In this work, we analyzed the Directed Circular Facility Layout Problem (DCFLP). The DCFLP represents a new modeling approach for circular layouts and allows for a wide range of applications. We proved that it can be modeled as a special Linear Ordering Problem. Hence, both exact and heuristic methods for the DCFLP are less complex in ordering variables than the best current approaches for the Single Row Facility Layout Problem (SRFLP), which was so far considered as the simplest layout type. This refutes the general assumption that circular layout problems are harder to solve than row layout problems.

We applied two exact approaches, a Semidefinite and an Integer Linear Programming (ILP) approach. Additionally, we solved the problem heuristically using a Tabu Search and a Variable Neighborhood Search (VNS). Finally, we generated an extensive benchmark library for the DCFLP and provided strong lower and upper bounds for all instances considered.

The aim of our work is to propose efficient and easy to implement exact and heuristic approaches. Especially, we motivate practitioners to consider circular facility layouts for their manufacturing systems. However, it could be interesting for future research to implement hybrid approaches, e.g., applying a VNS and exploring the k-neighborhood with the help of an ILP formulation.
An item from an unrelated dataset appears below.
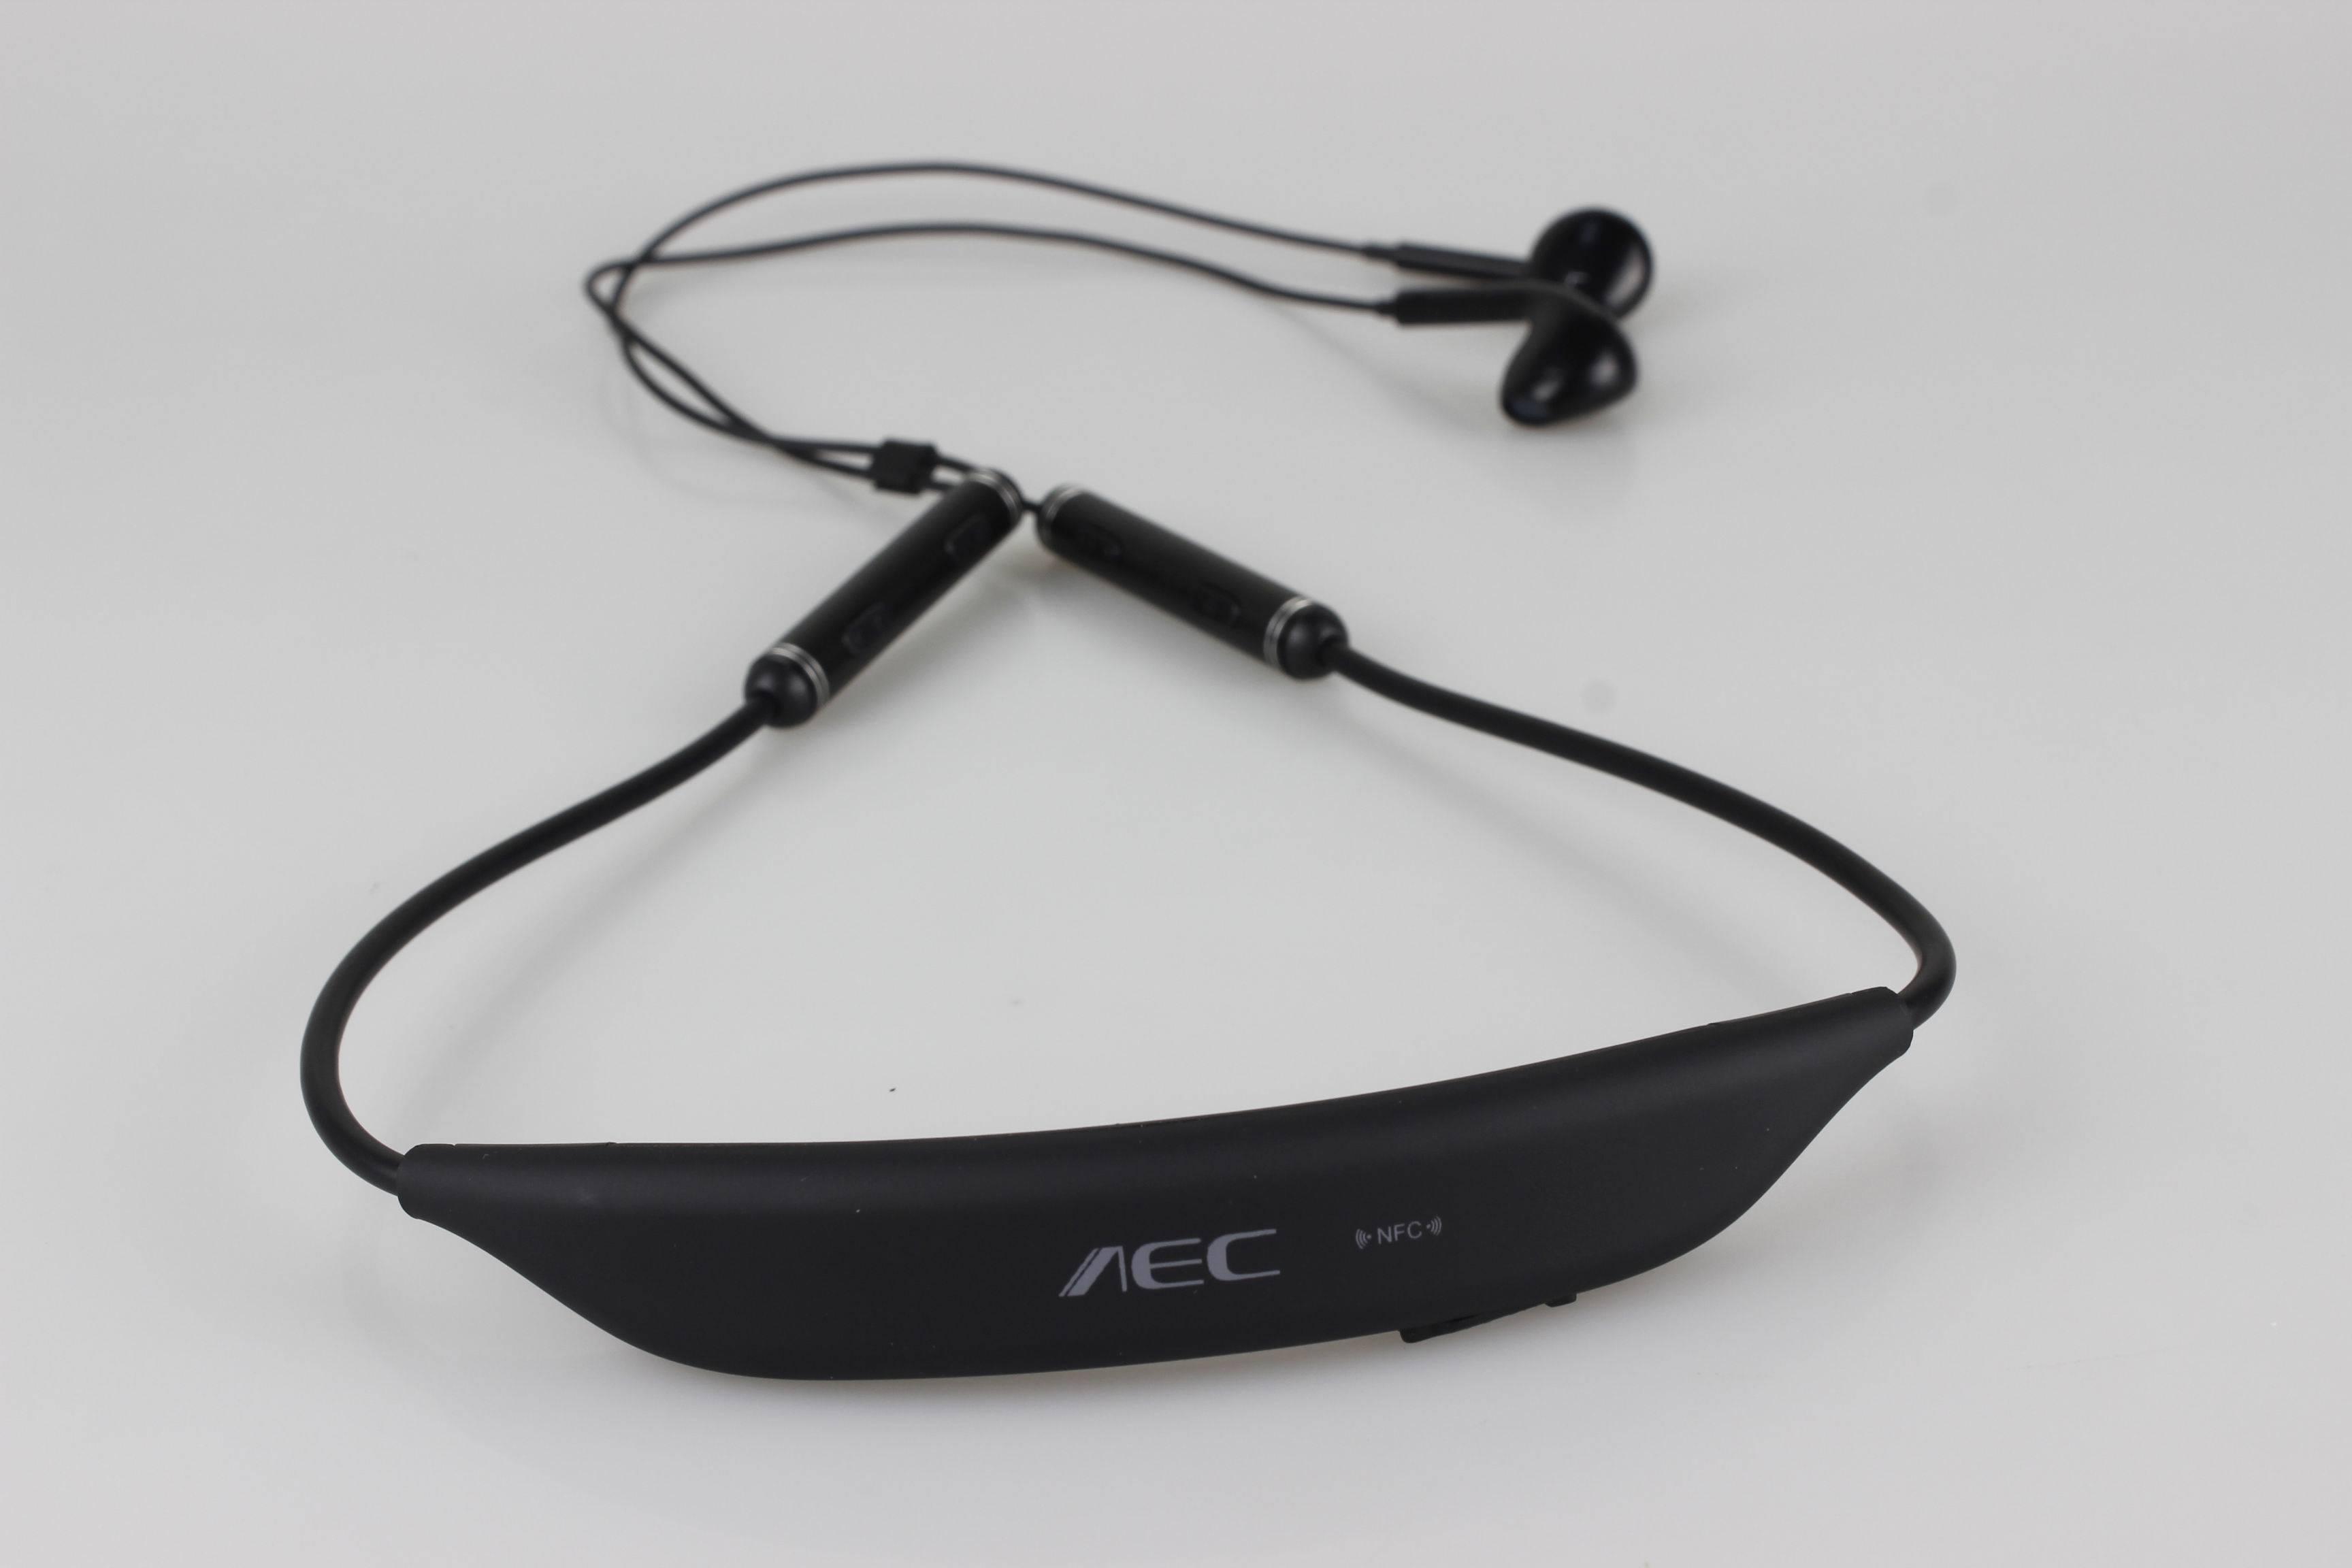 Noise Cancellation Wireless Neckband Hi-Fi Stereo Headset, Bluetooth 4.0 NFC Headphones
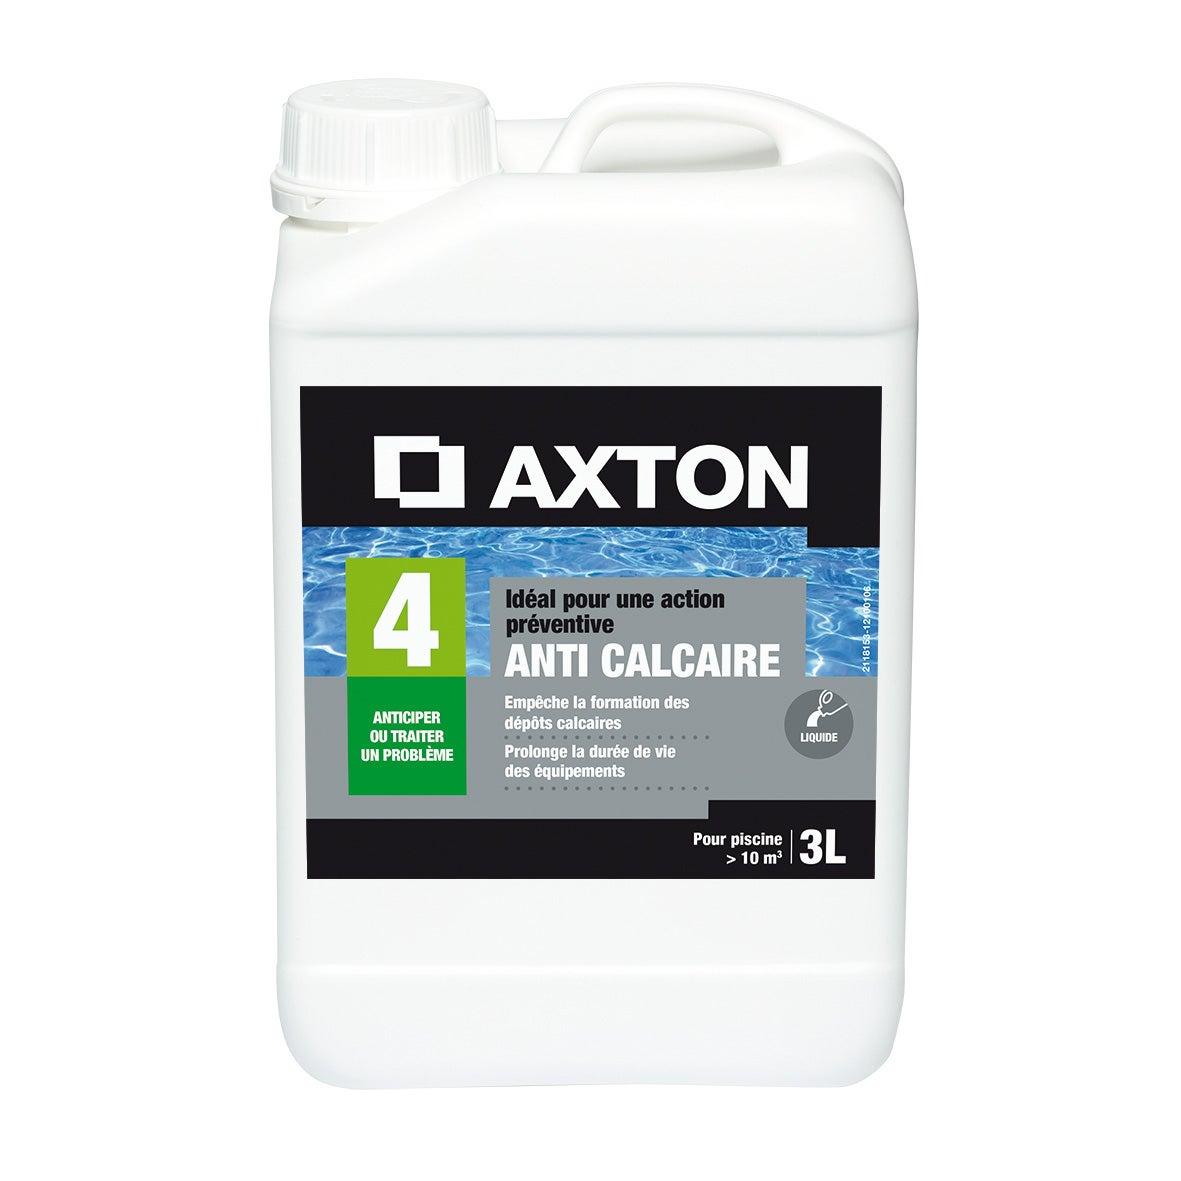 Anticalcaire Piscine Axton, Liquide 3 L concernant Produit Anti Calcaire Piscine

As a worthwhile future research direction we advise to combine and extend the very efficient heuristics for the DCFLP and the SRFLP to the Combined Cell Layout Problem (CCLP). The CCLP is interested in the minimization of the material-handling costs in a cellular manufacturing system with at least two cells in the presence of parts that require processing in more than one cell. The machines of each cell can be arranged differently, e.g., in a row or on a circle. Hence, more complex layout types can be modeled as a CCLP while it still builds on well-discussed and efficiently solvable basic problems. There even exist lower bounds for reasonably sized instances of the CCLP to assess heuristic approaches [8, 40].

As another future research topic we suggest to enhance the heuristics for the LOP (and hence, also for the DCFLP) such that they are able to handle additional practical constraints relevant in the layout context like, e.g., dynamic and stochastic aspects as well as the ability to consider multiple objectives.